Ma Yanyan, Qiao Yiheng, Chen Mengxue, Rui Dongni, Zhang Xuxiang, Liu Weijing, Ye Lin
State Key Laboratory of Pollution Control and Resource Reuse, School of Environment, Nanjing University, Nanjing 210023, China.
Nanjing Gaoke Environmental Technology Co., Ltd., Nanjing 210038, China.
Water Res. 2025 Apr 15;274:123041. doi: 10.1016/j.watres.2024.123041. Epub 2024 Dec 25.

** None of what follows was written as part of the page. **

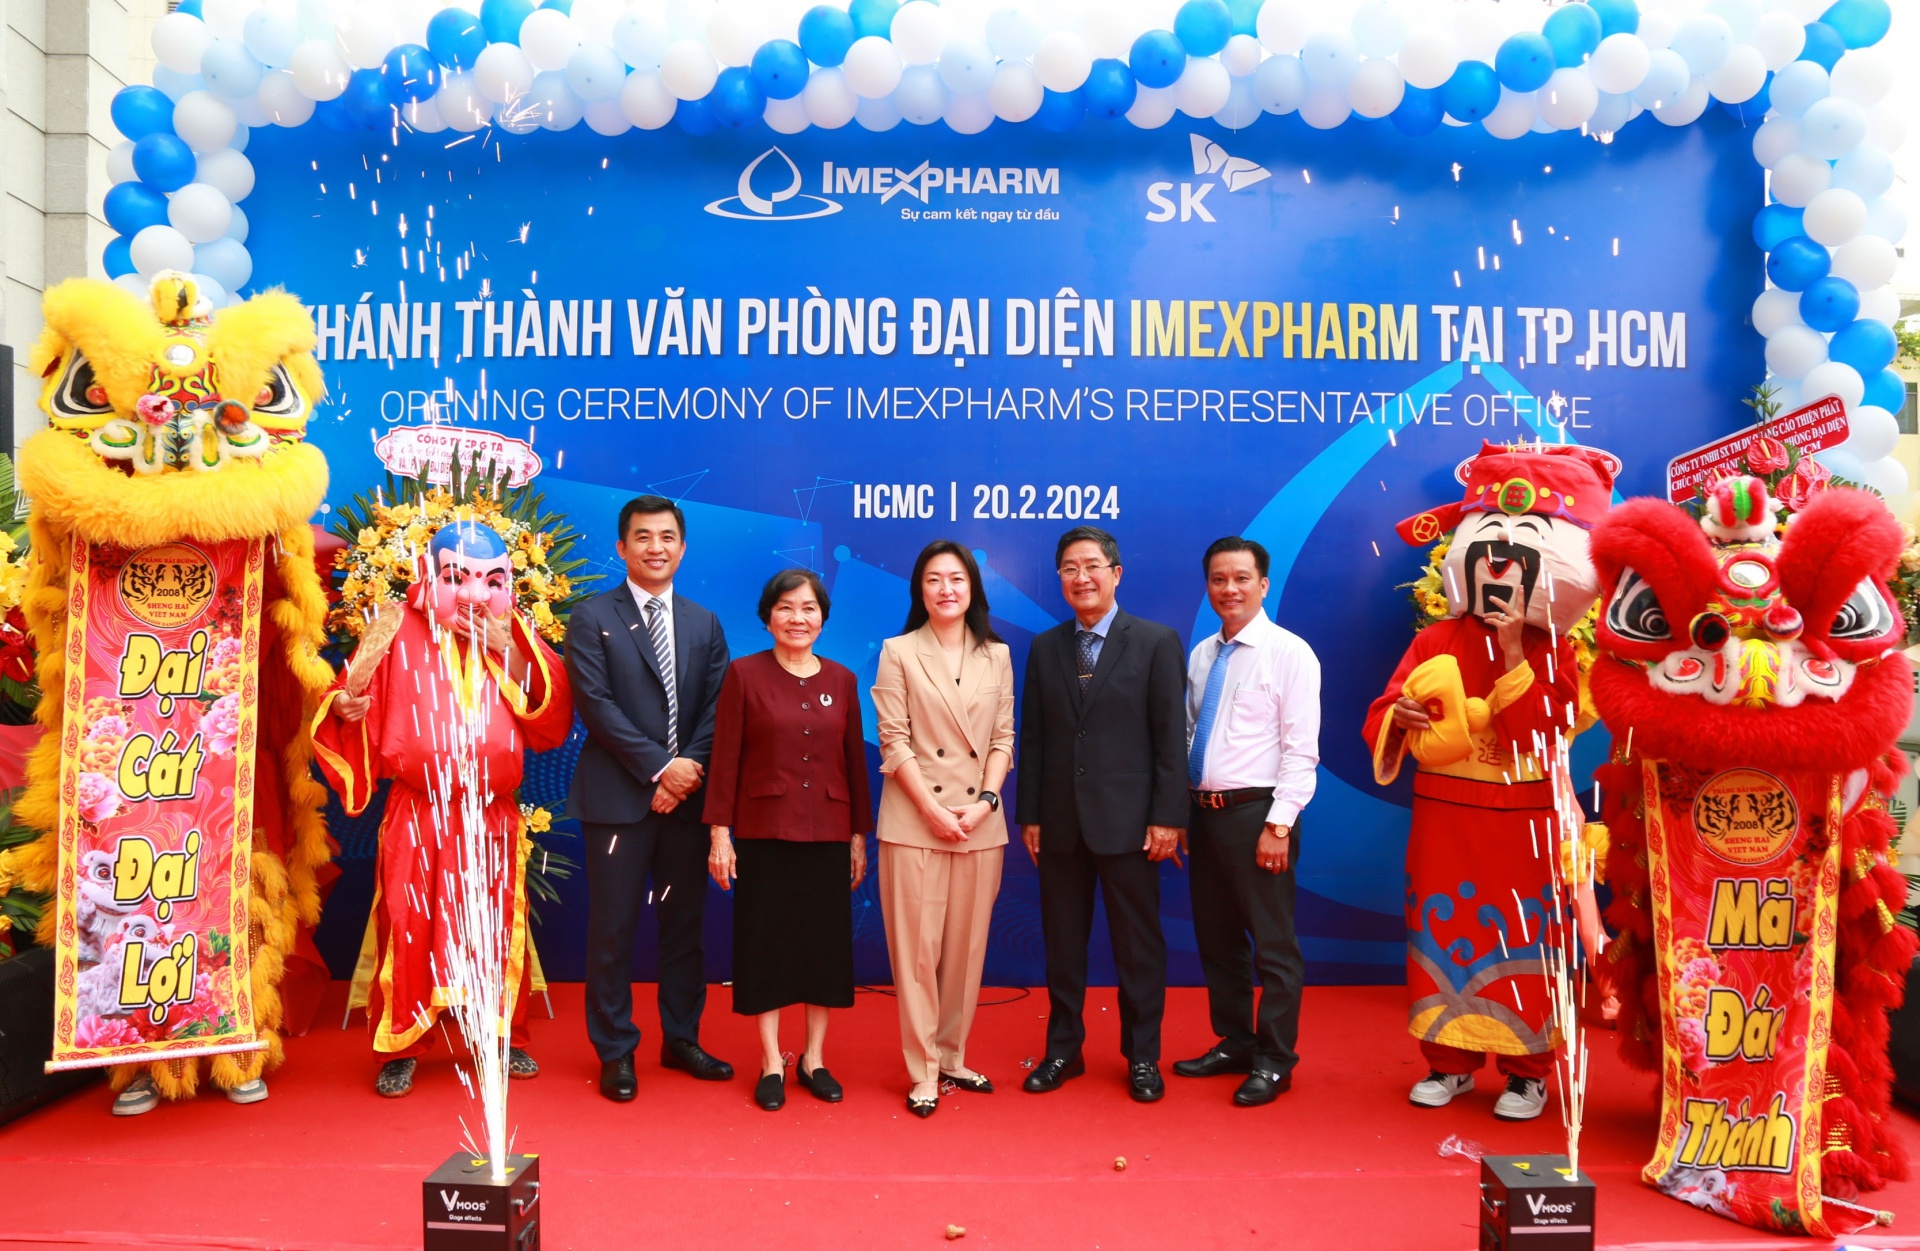 Imexpharm opens new representative office in Ho Chi Minh City
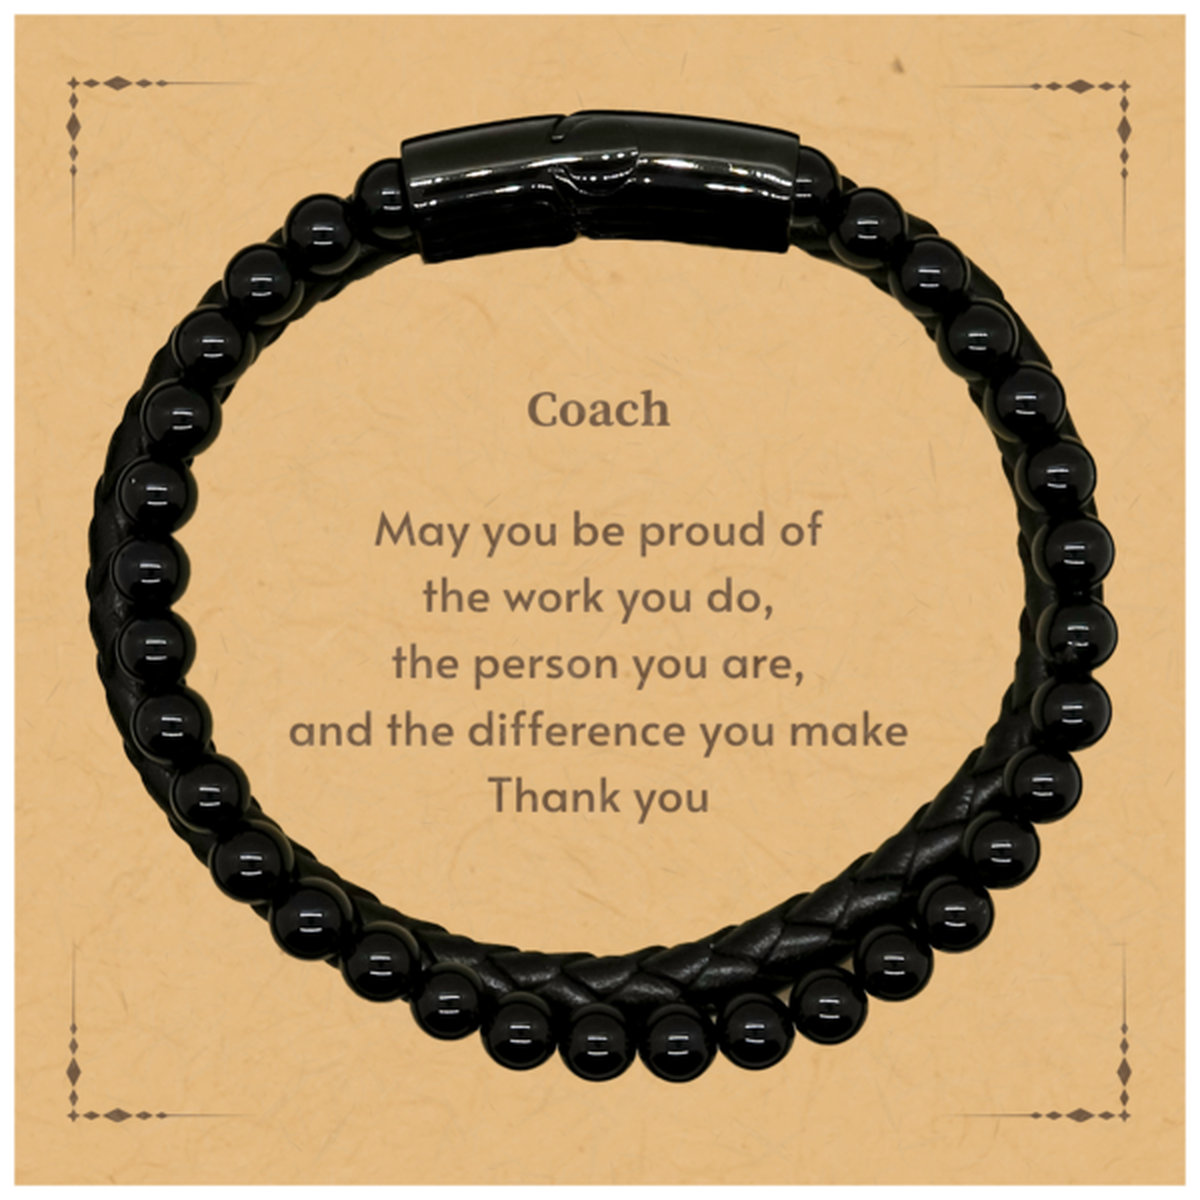 Heartwarming Stone Leather Bracelets Retirement Coworkers Gifts for Coach, Coach May You be proud of the work you do, the person you are Gifts for Boss Men Women Friends

Wastewater treatment plants (WWTPs) generate vast amounts of water quality, operational, and biological data. The potential of these big data, particularly through machine learning (ML), to improve WWTP management is increasingly recognized. However, the costs associated with data collection and processing can rise sharply as datasets grow larger, and research on determining the optimal data volume for effective ML application remains limited. In this study, we comprehensively analyzed water quality, operational, and biological data collected from a full-scale WWTP over 970 days. Our results demonstrate that ML models can predict not only operational and water quality parameters (concentrations of dissolved oxygen and effluent chemical oxygen demand) but also the abundances of functional bacteria. Notably, we discovered that increasing data volume does not always improve model performance, and that data collection intervals do not need to be excessively small, as moderate intervals can still yield reliable predictions. These findings suggest that excessively large datasets may not be necessary for effective ML predictions in WWTPs. Overall, this study underscores the importance of optimizing dataset size to balance computation efficiency and prediction accuracy, providing valuable insights into data management strategies that can enhance the operational efficiency and sustainability of WWTPs.
污水处理厂会产生大量的水质、运行和生物数据。人们越来越认识到这些大数据,特别是通过机器学习(ML)来改善污水处理厂管理的潜力。然而,随着数据集规模的增大,与数据收集和处理相关的成本可能会急剧上升,而关于确定有效应用机器学习的最佳数据量的研究仍然有限。在本研究中,我们全面分析了从一座全尺寸污水处理厂在970天内收集的水质、运行和生物数据。我们的结果表明,机器学习模型不仅可以预测运行和水质参数(溶解氧浓度和出水化学需氧量),还可以预测功能细菌的丰度。值得注意的是,我们发现增加数据量并不总是能提高模型性能,而且数据收集间隔不需要过小,因为适度的间隔仍然可以产生可靠的预测。这些发现表明,对于污水处理厂中有效的机器学习预测而言,可能并不需要过大的数据集。总体而言,本研究强调了优化数据集大小以平衡计算效率和预测准确性的重要性,为可提高污水处理厂运行效率和可持续性的数据管理策略提供了有价值的见解。